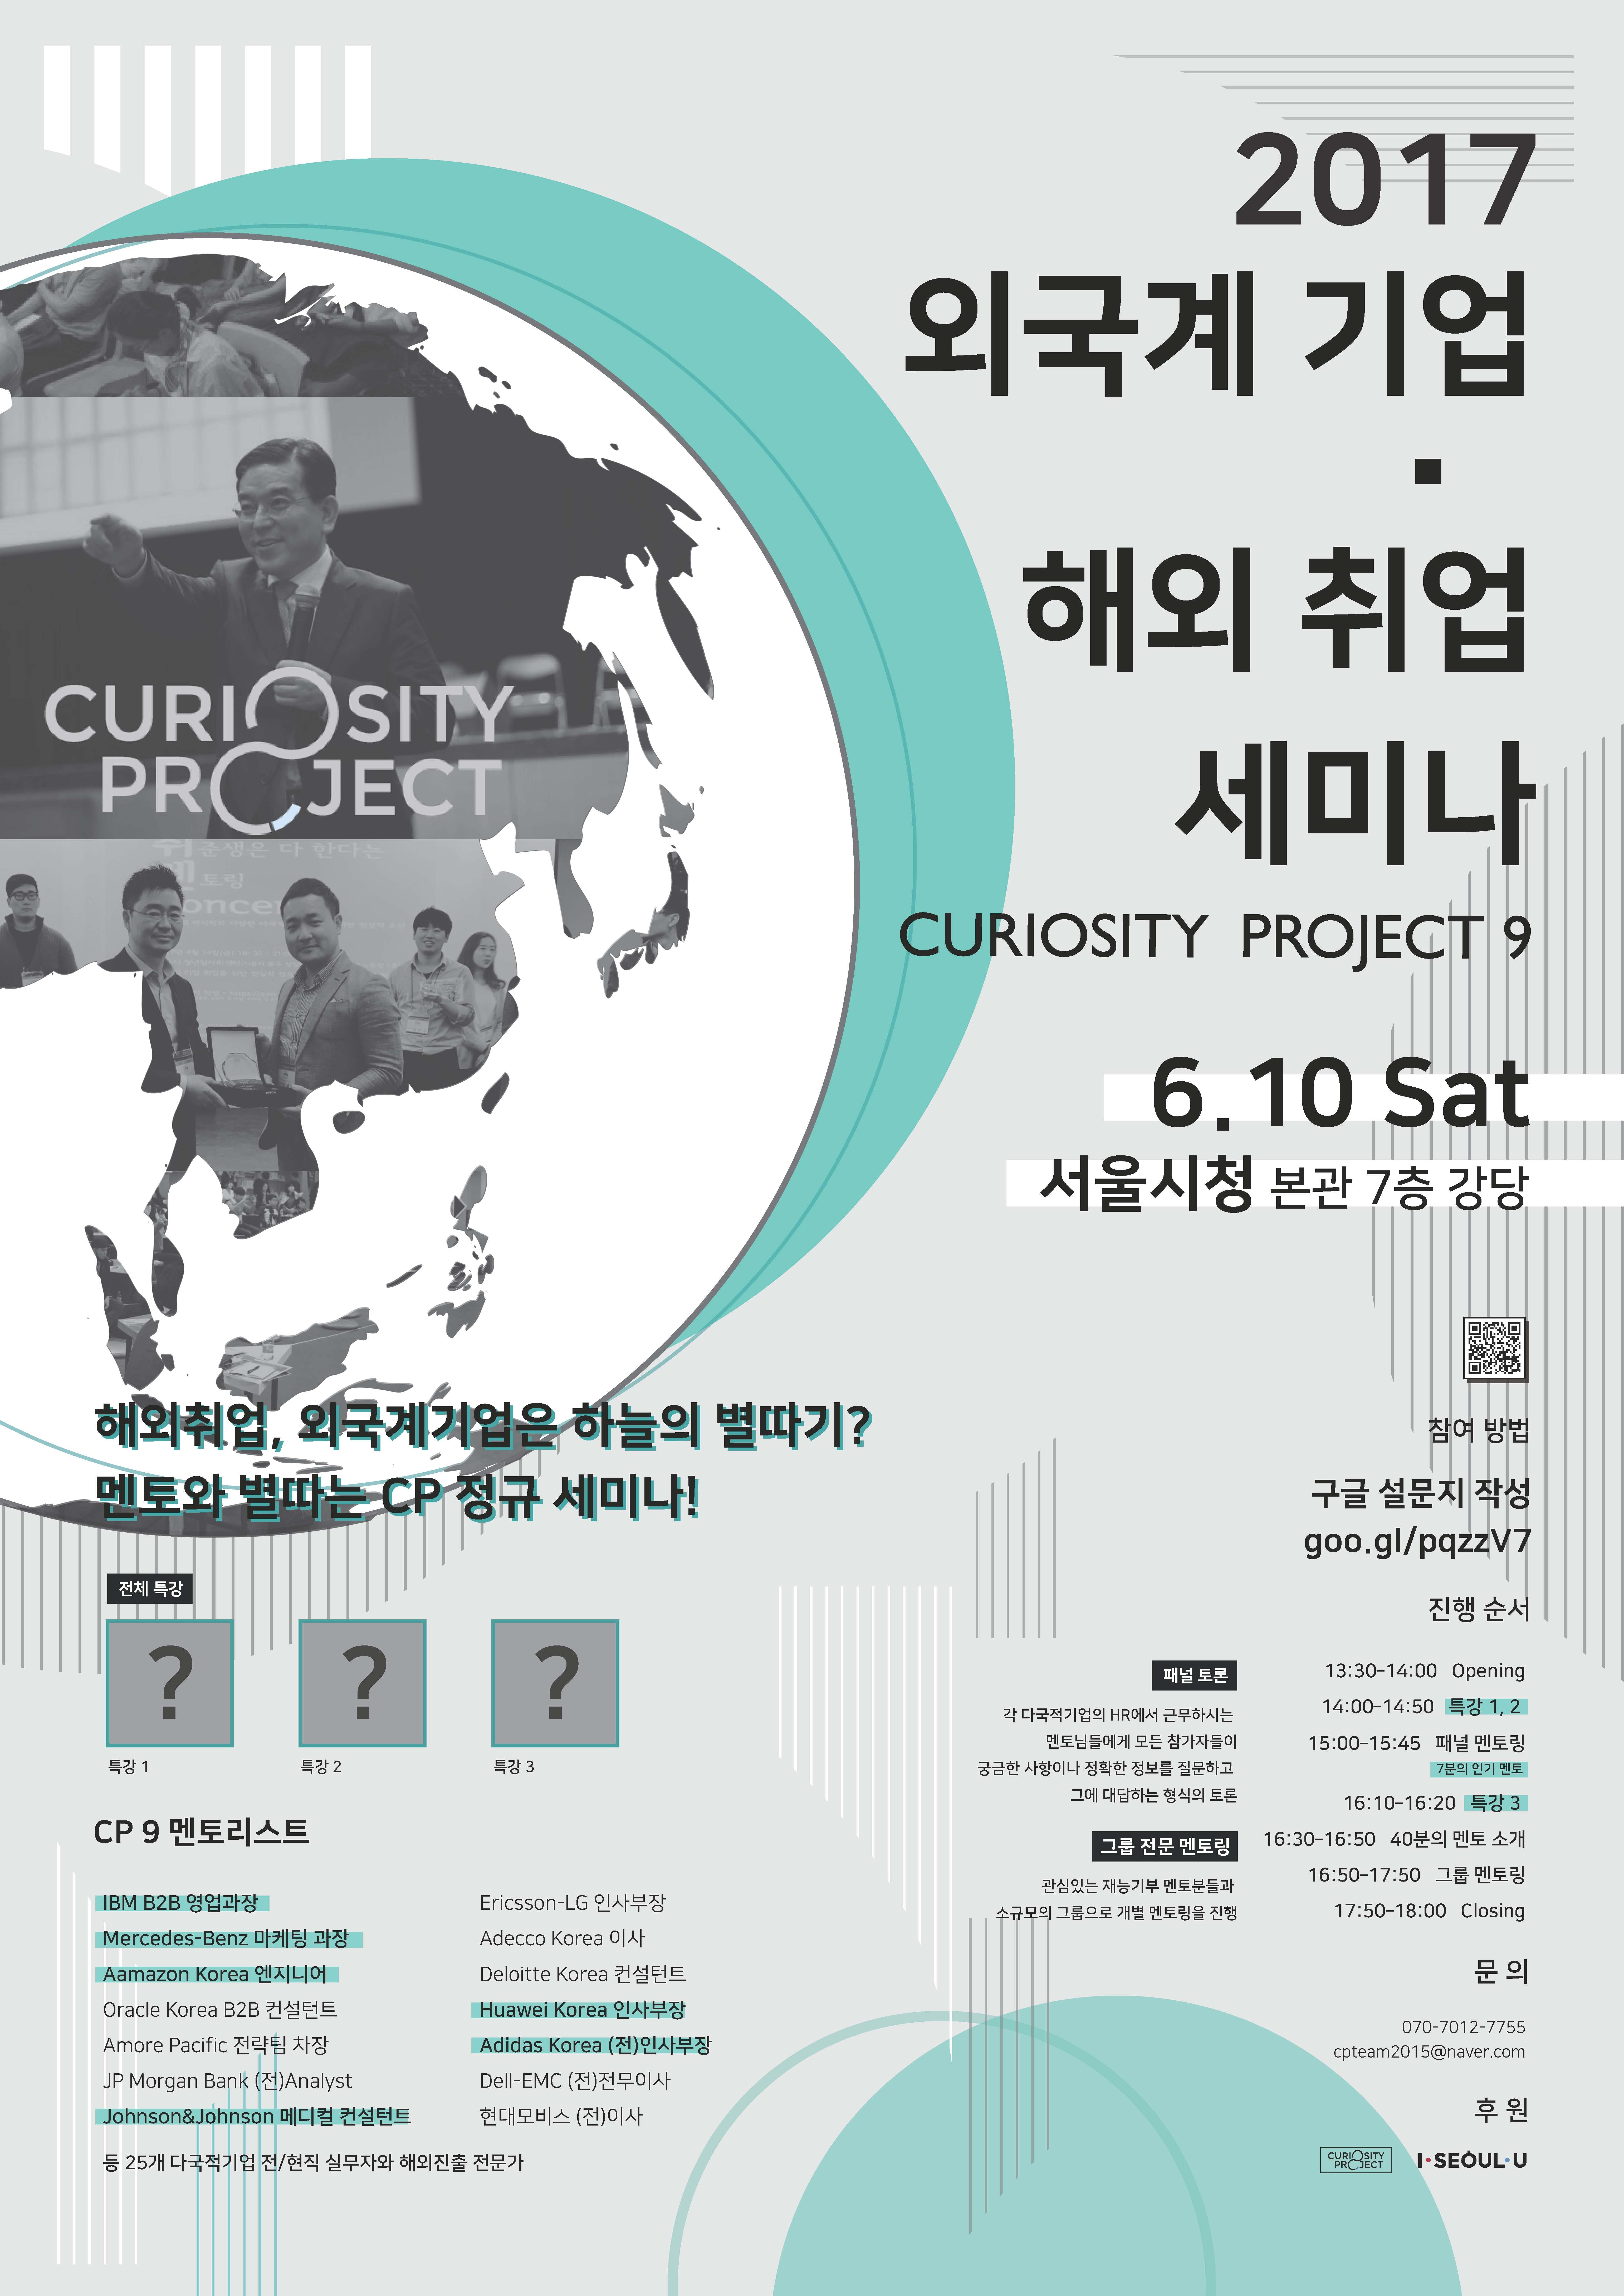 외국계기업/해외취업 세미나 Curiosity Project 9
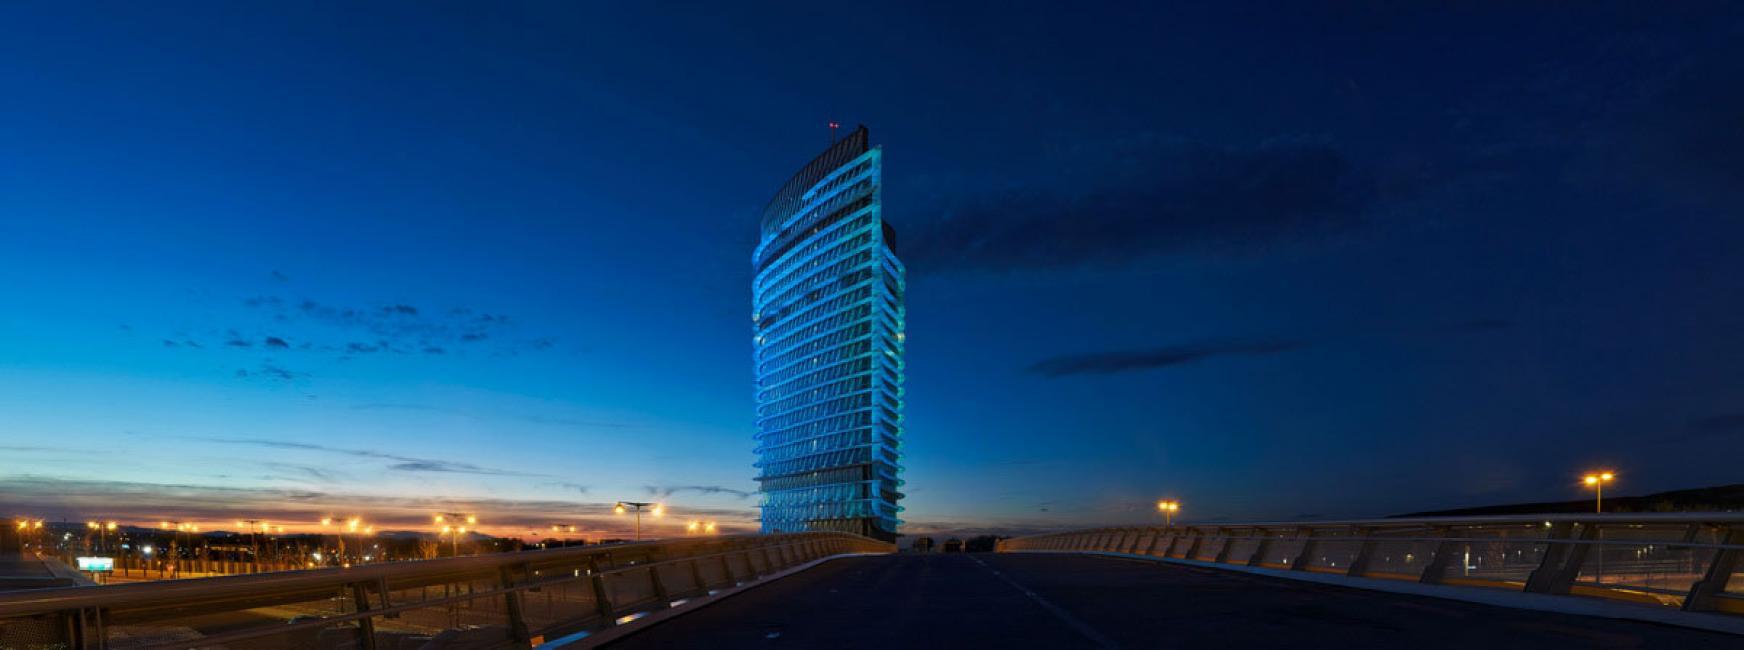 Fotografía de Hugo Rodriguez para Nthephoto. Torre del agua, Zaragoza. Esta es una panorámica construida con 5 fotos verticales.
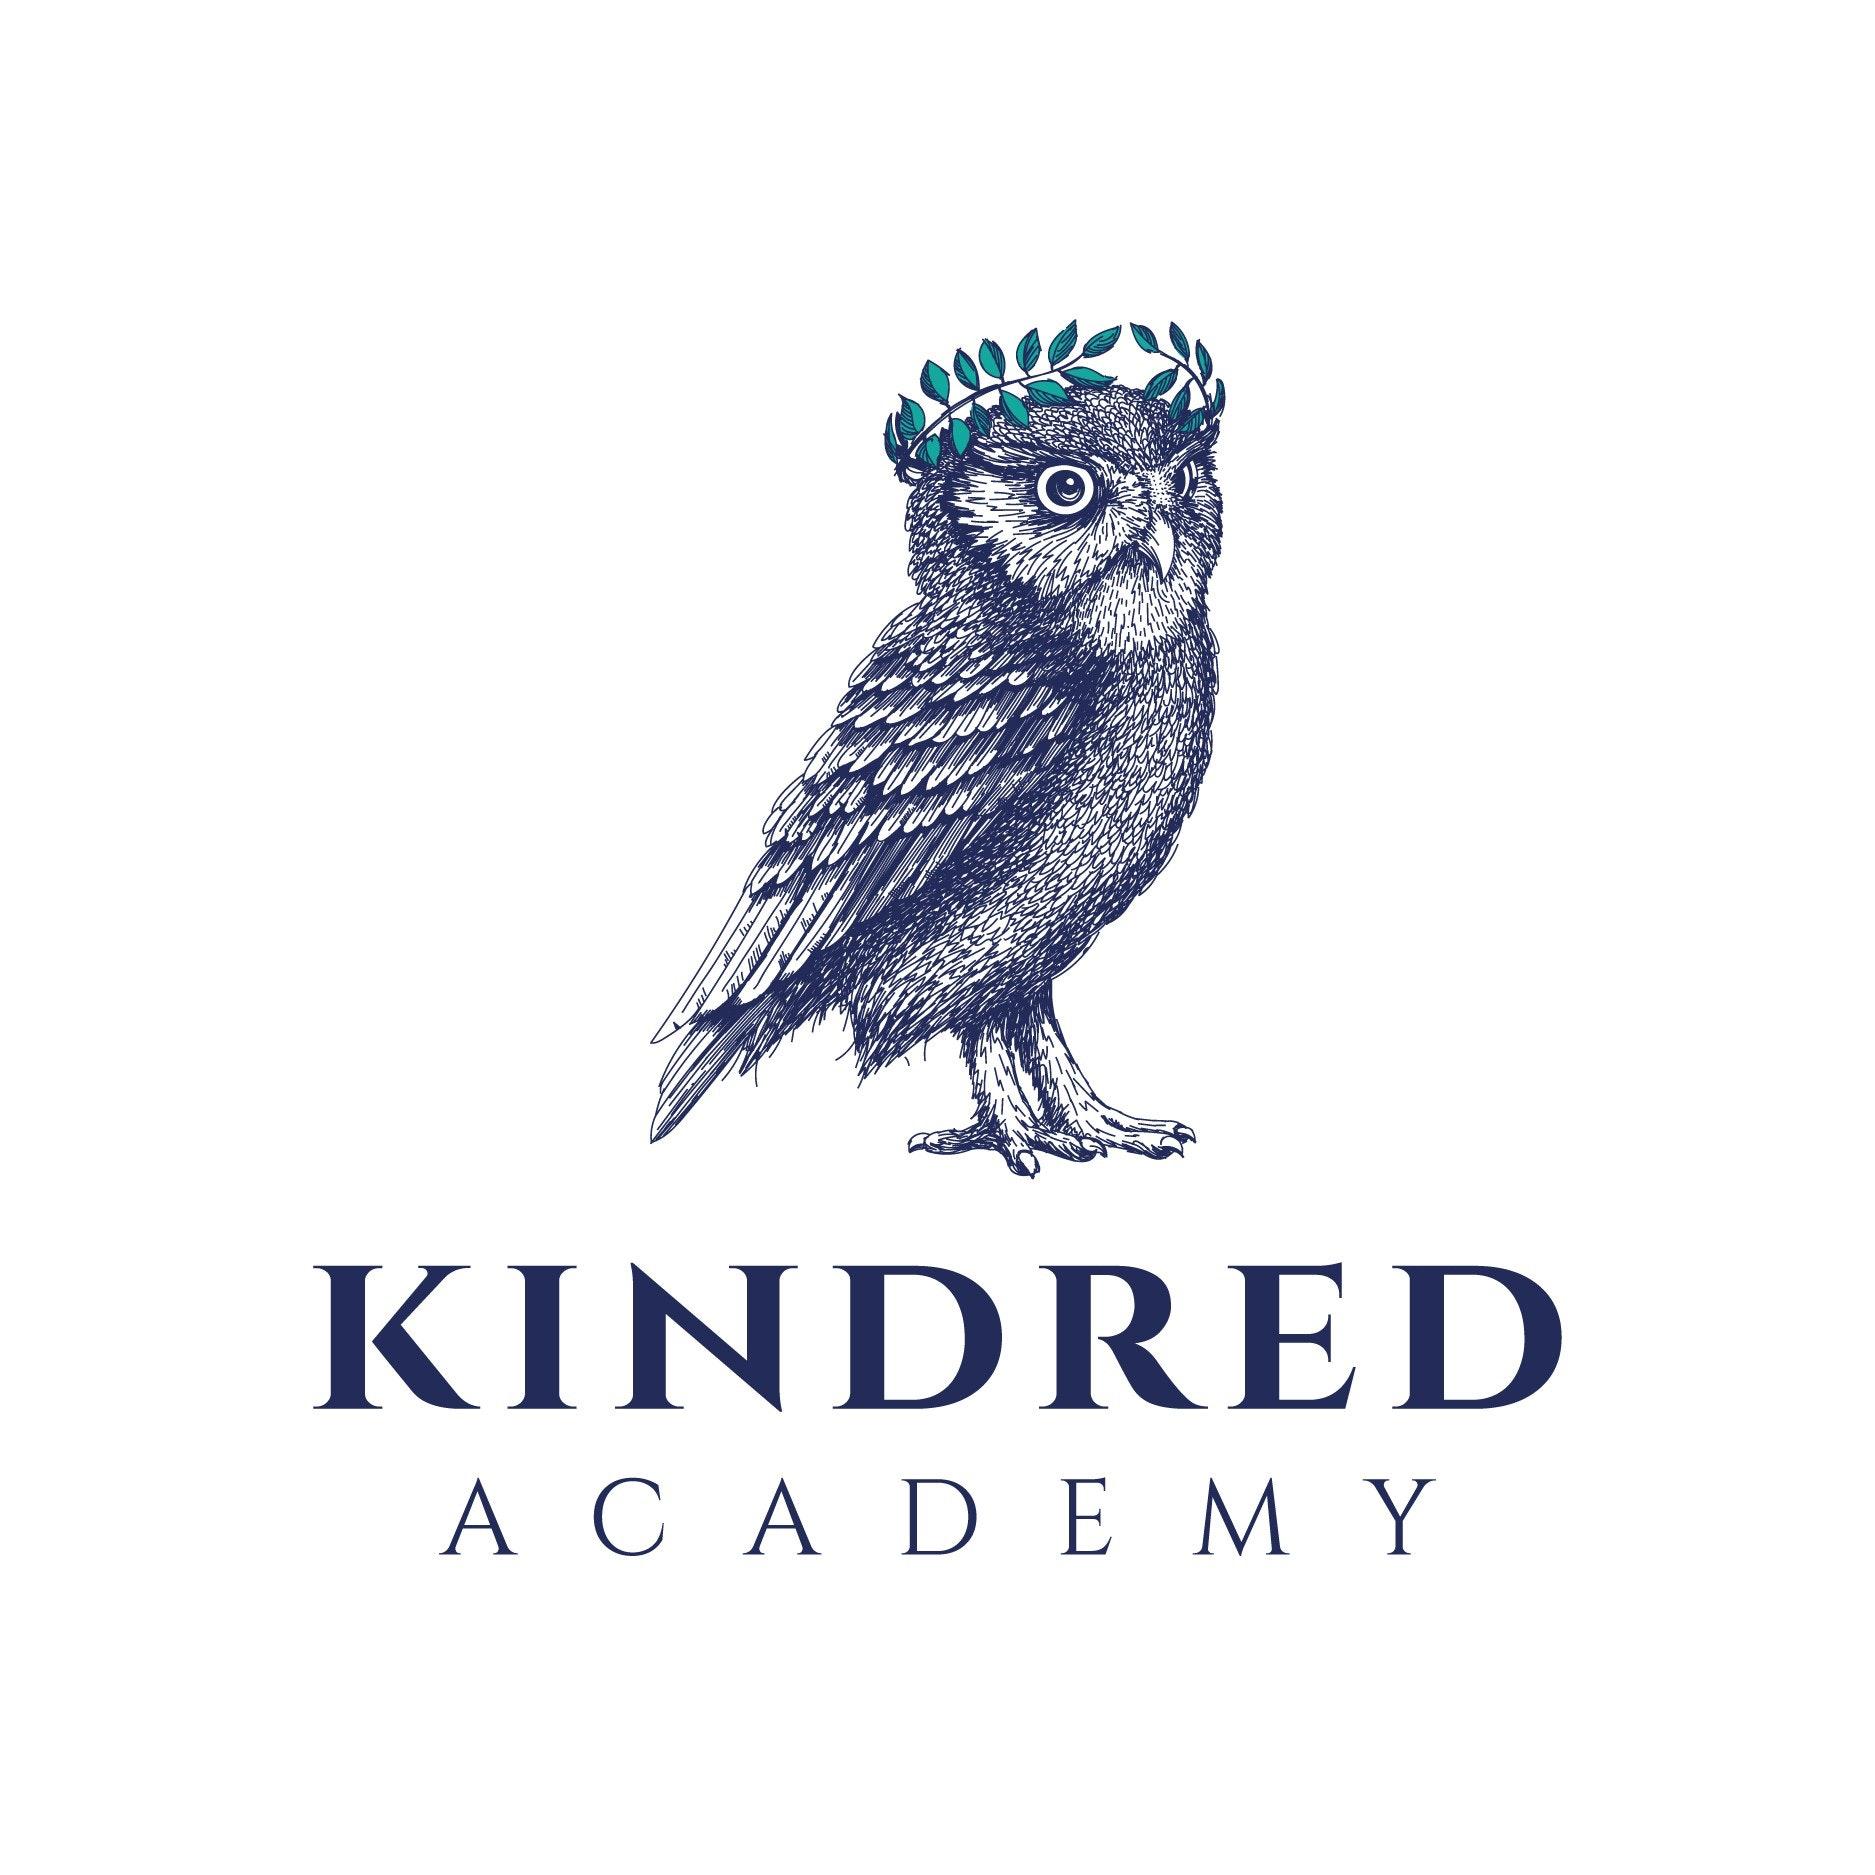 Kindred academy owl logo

* _Work task_: Please retype the listing exactly, leaving out any images.

* _Expected answer_:
 외국계기업/해외취업 세미나 Curiosity Project 9
 Fotografía de Hugo Rodriguez para Nthephoto. Torre del agua, Zaragoza. Esta es una panorámica construida con 5 fotos verticales.
 Kindred academy owl logo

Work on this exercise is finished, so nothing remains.